Obtaining statistics like that is something that can be aspired to, but all the legislative tools have to be in place, not just one or two of them.
When we bake a cake we need all the ingredients. We cannot leave out the flour or the sugar and expect the cake to look like the baker's down the street. However, Bill C-229 in proposing the amendment to the Bank Act may not produce the intended results that were indeed attained in the U.S. because it has left out some of the ingredients.
The real estate and financial service sectors in Canada are vastly different from those in the U.S. The regime involved in the chartering of banks is different. The real estate industry is different. There are different players involved in Canada.
I realize that this amendment is not votable, however, if it were, the proposed legislation would need a little more work done to it. For instance, the legislation would have to be explicit if it was intended to facilitate just business growth or would homeownership through mortgages like the U.S. also be targeted? If granting mortgages was an intended result, then obviously the Canada Mortgage and Housing Corporation would play a role.
Leaving the mortgage aspect aside, I note that this is the third time the bill has been before the House. As I mentioned earlier, it has a very good goal in mind. However, if it comes to the House a fourth time, there may be some utility in dissecting not only the U.S. community reinvestment act, but also the housing and community development act and the urban housing program to see if any of the provisions found there might be helpful to Canada.
Finally, there are two brief comments that should be made about the bill as a whole. First, in a time when governments should be trying to reduce regulatory red tape and bureaucratic stifling, the bill seems to add a few more components to the already highly regulated banking sector. Meetings must occur and reports must be written with 13 or more components by bank representatives. These reports must be given to the superintendent. The superintendent must give the reports to the minister. The minister must lay the reports before each House of Parliament.
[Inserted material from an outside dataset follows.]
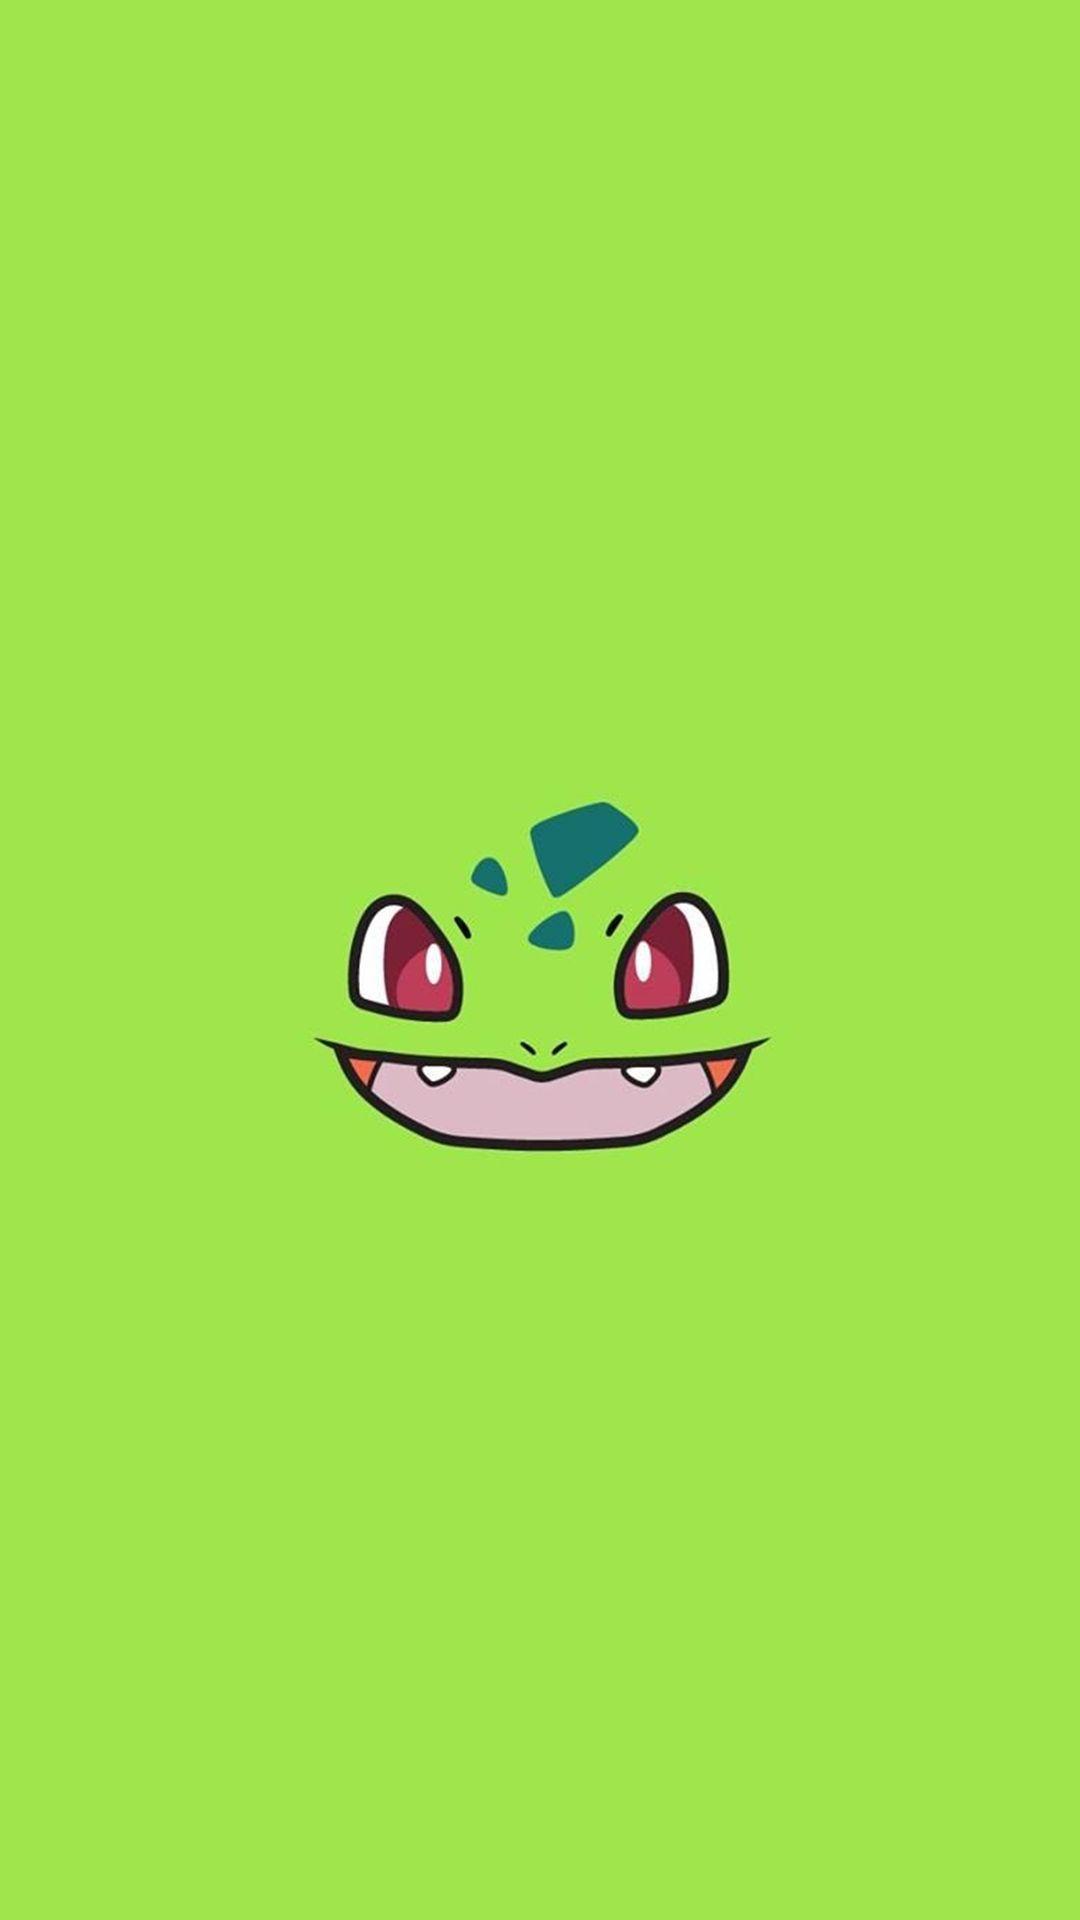 Beautiful Wallpaper Mobile Pokemon - 6da9d6a3bbc85442a7a26cb2c4c94703  You Should Have_331129.jpg

Sometimes reports and meetings are not needed but it is not to say reports would not be needed in these types of situations if this bill were ever passed. However, if legislation of this type were ever votable, then care must be taken to ensure that the statutorily dictated meetings and reports were properly administered.
The last point deals with the offences and penalties section under subsection 627.16 and 627.17.
If requested, the branch of a bank must meet with community representatives who have requested a consultation concerning the assistance the bank is giving to community reinvestment and any implementation measures developed or undertaken by the bank to achieve that reinvestment.
Paragraph 627.16(2) says that any person, and it is assumed that any person means the bank even though it does not say so explicitly, who does not meet, if requested, is liable to a fine not exceeding $50,000. Also, banks could receive $5,000 fines if they do not comply with the reporting requirements. Yet if the banks violate subsection 627.4, which states that the bank shall implement equity community reinvestment, no offence will have been committed.
Therefore, at the end of the day we have this legislation that statutorily directs meetings with community representatives and directs that reports must be written outlining the banks reinvestment strategy, both under threat of substantial fines. However there is no obligation for the banks to actually implement community reinvestment. There is a $5,000 fine for not writing the report that says they did not undertake any community reinvestment measures.
In closing, this might not be the most helpful way to ensure that community reinvestment gets accomplished. As stated before, the goals of the bill are commendable but the drafters have not reasoned it out to the point where it could be seriously adopted in the House.